Source Order Viewer is an experiment that displays the order of elements in the page source. The on-screen display order may differ from the order of the source, which confuses screen reader and keyboard users. Use the Source Order Viewer experiment to find the differences between on-screen display order and the order of the source.
After enabling the experiment, ensure you restart the DevTools. To use Source Order Viewer:
Open the Elements pane.
Open the Accessibility pane in the drawer (bottom) panel.
Under the Source Order Viewer section, select the Show Source Order checkbox.
Highlight any HTML element to display an overlay that the order in the page source.

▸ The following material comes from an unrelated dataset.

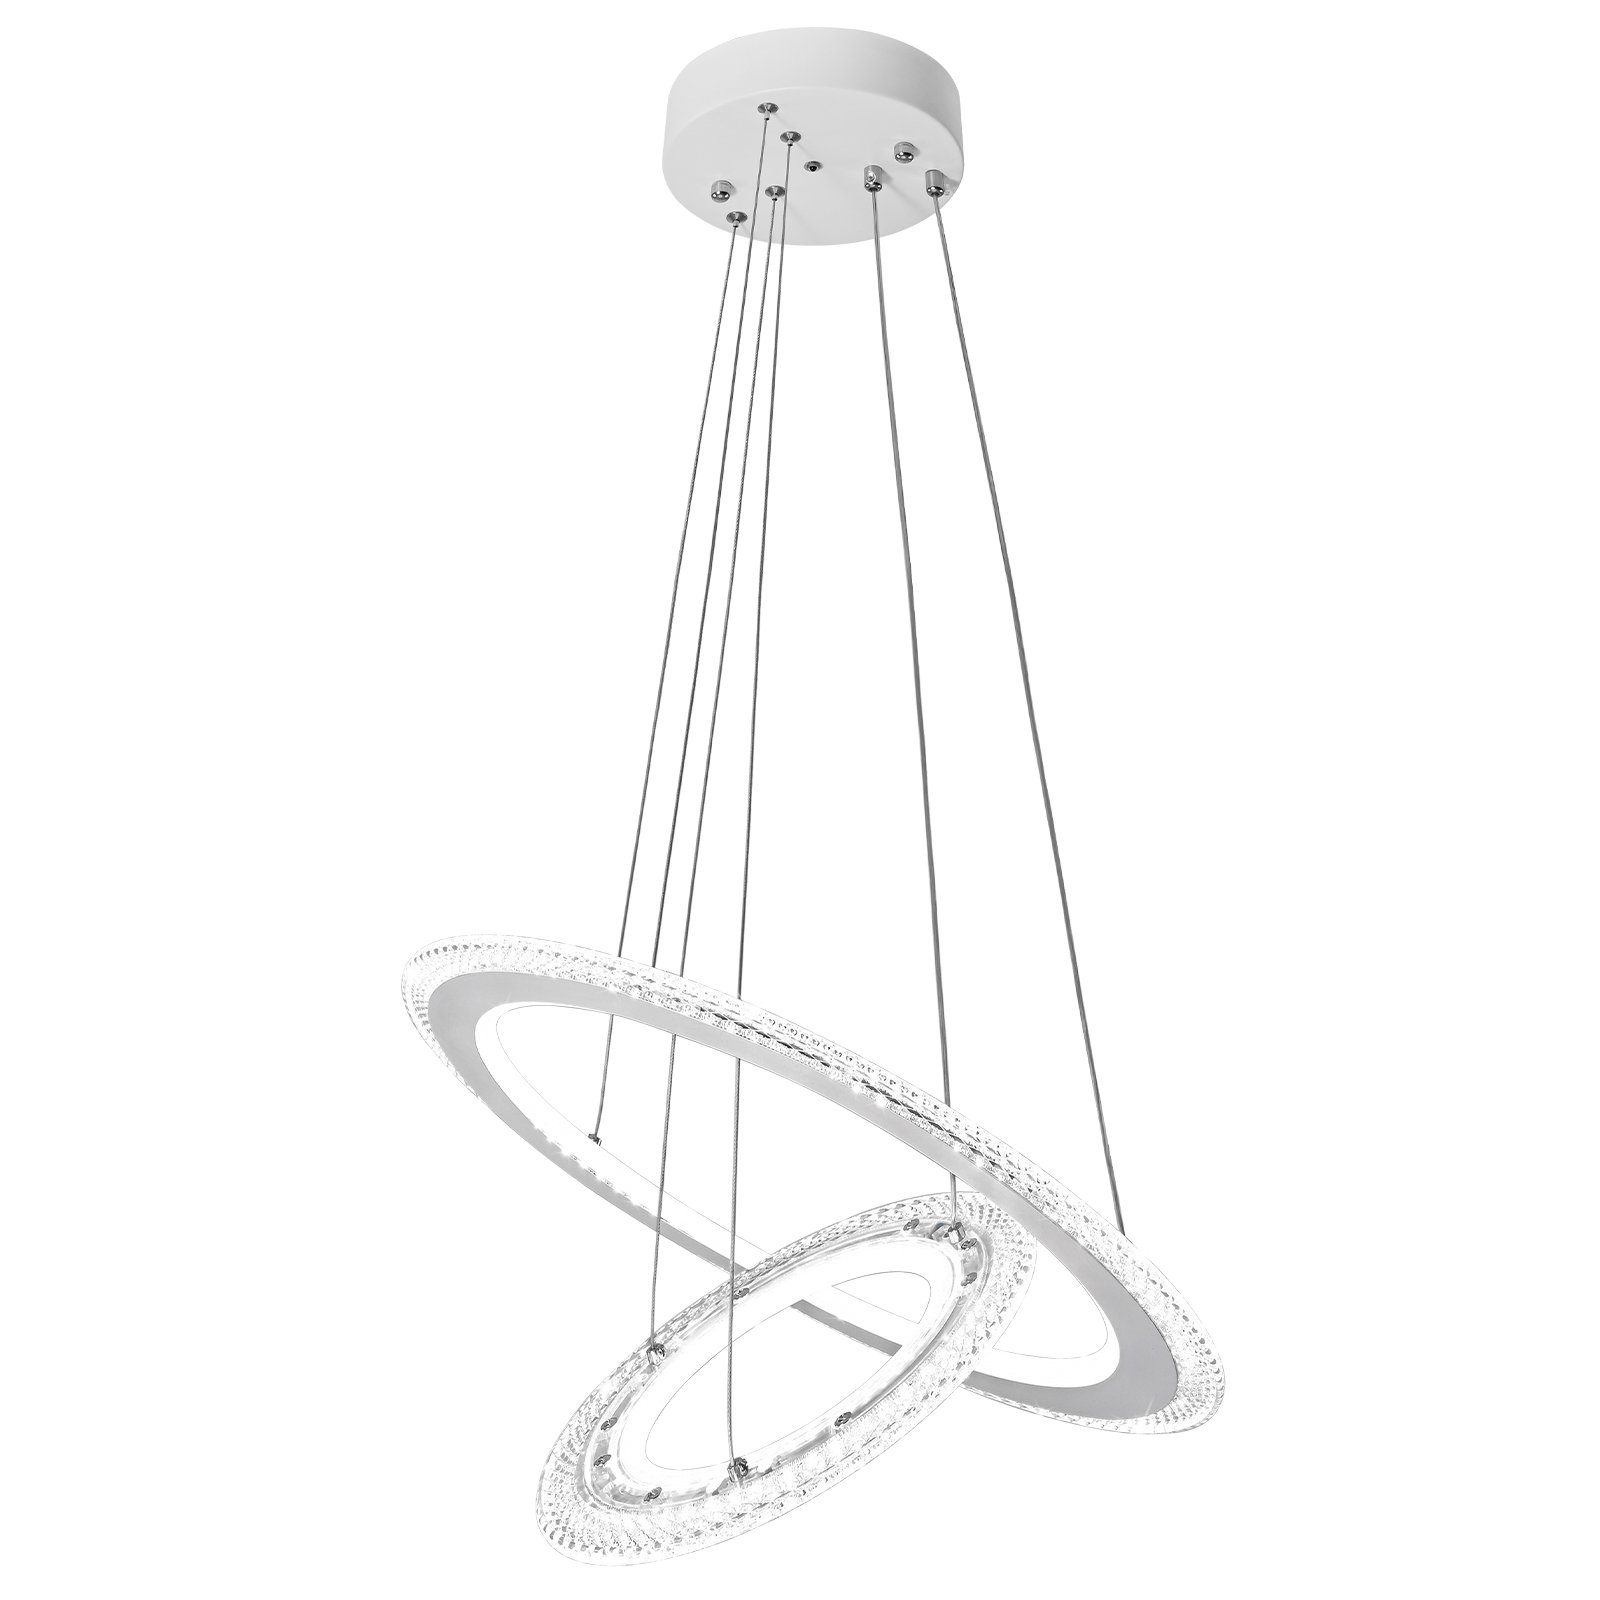 UISEBRT LED Pendelleuchte Hängeleuchte Modern Kristall Kronleuchter Hängelampe Höhenverstellbar, 2/3 Ring Deckenlampe Acryl Leuchte für Wohnzimmer Kaltweiß ohne Fernbedienung | Pendelleuchten

Grab Edge Dev (or, if you are reading this in October, Edge 86) and enable the feature:
Then visit a page that is familiar to you and uses CSS to control the layout — ideally something like CSS grid, flex, float, or (ugh) even tabled layouts. Just like in my bookmarklet you will need to choose a node that contains the nodes whose order you want to see (except here you can click it).
The Microsoft Edge team added this as a result of my years’ long campaign for a source order viewer to be built into the browser dev tools.
I made this video pitch in late 2019 for Microsoft’s “The Web We Want” initiative and it was picked by the audience and the judges (YouTube version if the embed does not load):
Jump to roughly 3:46 in the video above to see how my bookmarklet corresponds to the screen shots just before the video. Cool, huh?
Links to the sites and pages referenced in the video:
While this feature has been available in Chrome as an experiment for some time, it is getting a proper release as of Chrome 92:
The order of content in an HTML document is important for search engine optimization and accessibility. The newer CSS features allow developers to create content that looks very different in its on-screen order than what is in the HTML document. This is a big accessibility problem as screen reader users would get a different, most likely confusing experience than sighted users.
I may have worded that differently, but what is important is that the Chrome team saw enough value to keep it.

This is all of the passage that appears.